This is part of a series of articles in the Insurance Journal’s annual review Cannabis Insurance Summit October 14. You can find more articles from the top to the bottom of this one.
Employee professional liability insurance, exclusions, on-site lounges, testing labs – there are as many pitfalls as there are opportunities for brokers looking to get into the cannabis insurance business.
Insurance Journal found a handful of cannabis brokers to take four minutes on their three hottest industry topics in a panel called “Broker Quick Hits” at Insurance Journal’s annual Insuring Cannabis Summit on October 14. .
“The challenge we have with our contracts is that they limit coverages, increase deductibles and don’t even provide the coverages that the industry needs,” said Jesse Parenti, director of programs for PCF Insurance Services, director of programs at Nine Point Strategies and program director for PizzaSurance. “For us, we need to challenge the industry to get better contracts and be able to provide better coverage for our customers.”
Exclusions were another point he insisted on. According to Parenti, there are many exclusions in policies sold to cannabis operators that could end up excluding the lion’s share of their coverage.
“You need to be aware of exclusions more than any other industry I’ve ever worked in,” he said. “One of the most important to know is obviously the health risk exclusions. The one to be aware of is a vape or hardware exclusion. It has to do with hardware being made in China rather than the US and carriers can and will exclude coverage. So, look at your exclusions.
TJ Frost, president of Symphony Grow, which works with the cannabis, hemp, and CBD industries, spoke about what he sees as a big opportunity for those who insure cannabis businesses: on-site lounges.
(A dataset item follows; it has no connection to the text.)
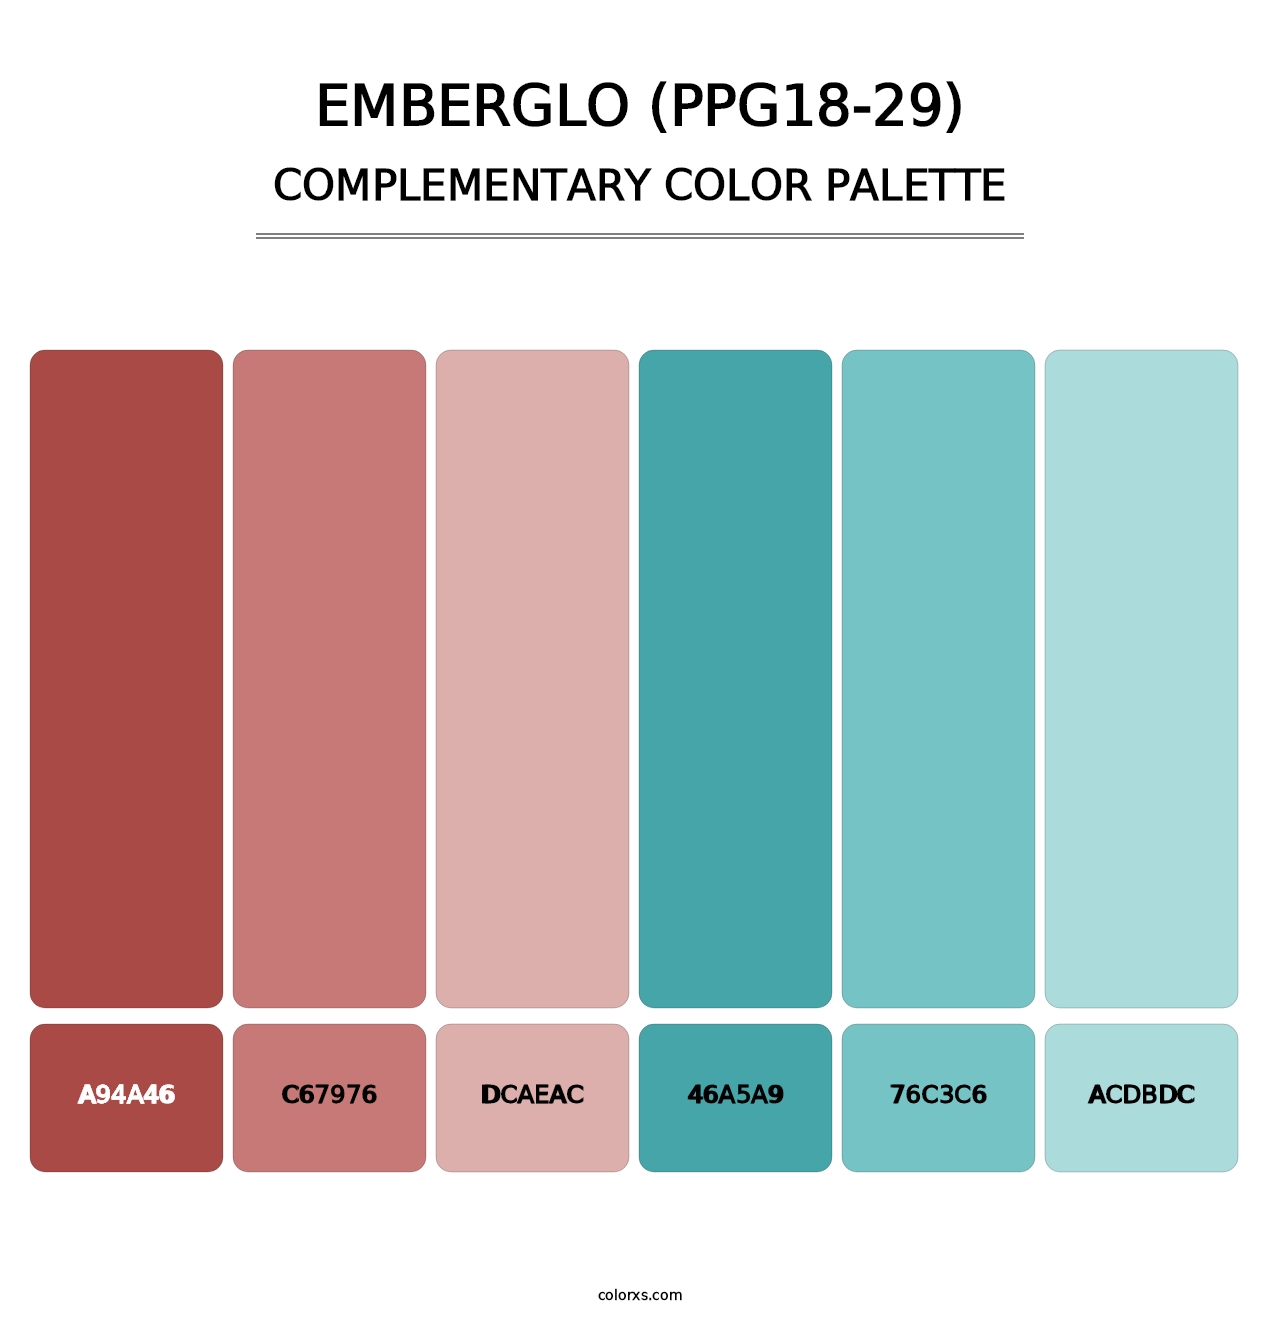 Emberglo (PPG18-29) - Complementary Color Palette

“As more states become legal and allow consumer fairs, it’s important to understand what’s out there for insurance coverage,” Frost said. “If they have past or current policies in place that don’t actually allow on-premises consumption, many multi-state operators are now buying those licenses or having those additions to their dispensary or other portfolio and often you’ I I will find that their current policy does not allow on-site consumption or allow a lounge.”
Danielle Hernandez, cannabis practice manager at Gilbert Insurance Group, saw another potential opportunity for those who insure cannabis.
Hernandez believes that not only does product testing provide opportunity, but those unfamiliar with the company could easily pass over their heads, he suggested.
“Testing is such an important topic for those of us in this space,” she said. “It is frequently discussed in political language and in applications of operators who end up being part of politics and keeping in mind that political language follows the rules and regulations of the state. This is where understanding the testing requirements is imperative to ensure your customers are covered in the event of a claim.
Nathan Bosza, National Cannabis Program Manager at ALKEME Insurance Services, stressed the importance of working directly with cannabis program underwriters or specialized cannabis wholesalers to help overcome barriers.
“This space changes every day,” Bosza said. “At the federal level, we have new laws at the state, county and city level. We have new license insurance requirements that we must comply with. So it’s really important to work with these underwriters so that we can overcome these new requirements that we have.
Cyber liability is one of the most important considerations in business, according to Danny Bozzuto, co-founder of Cannabis Connect Insurance and partner at Bozzuto & Associates.
He urged brokers to talk to their clients about risk management protocols, such as two-factor authentication or security checks and password management, which he says will save them from filing many claims. .
“And if you can really find a good IT partner, you’ll be able to help your customers,” he said. “And I’ve seen claims here ranging from $3,000 to $600,000 for small and medium businesses. And from there, I talk a lot about supplier management. And when we first entered this space, that was one of my main goals because most of my clients, most of my prospects were using verbal contracts, verbal agreements.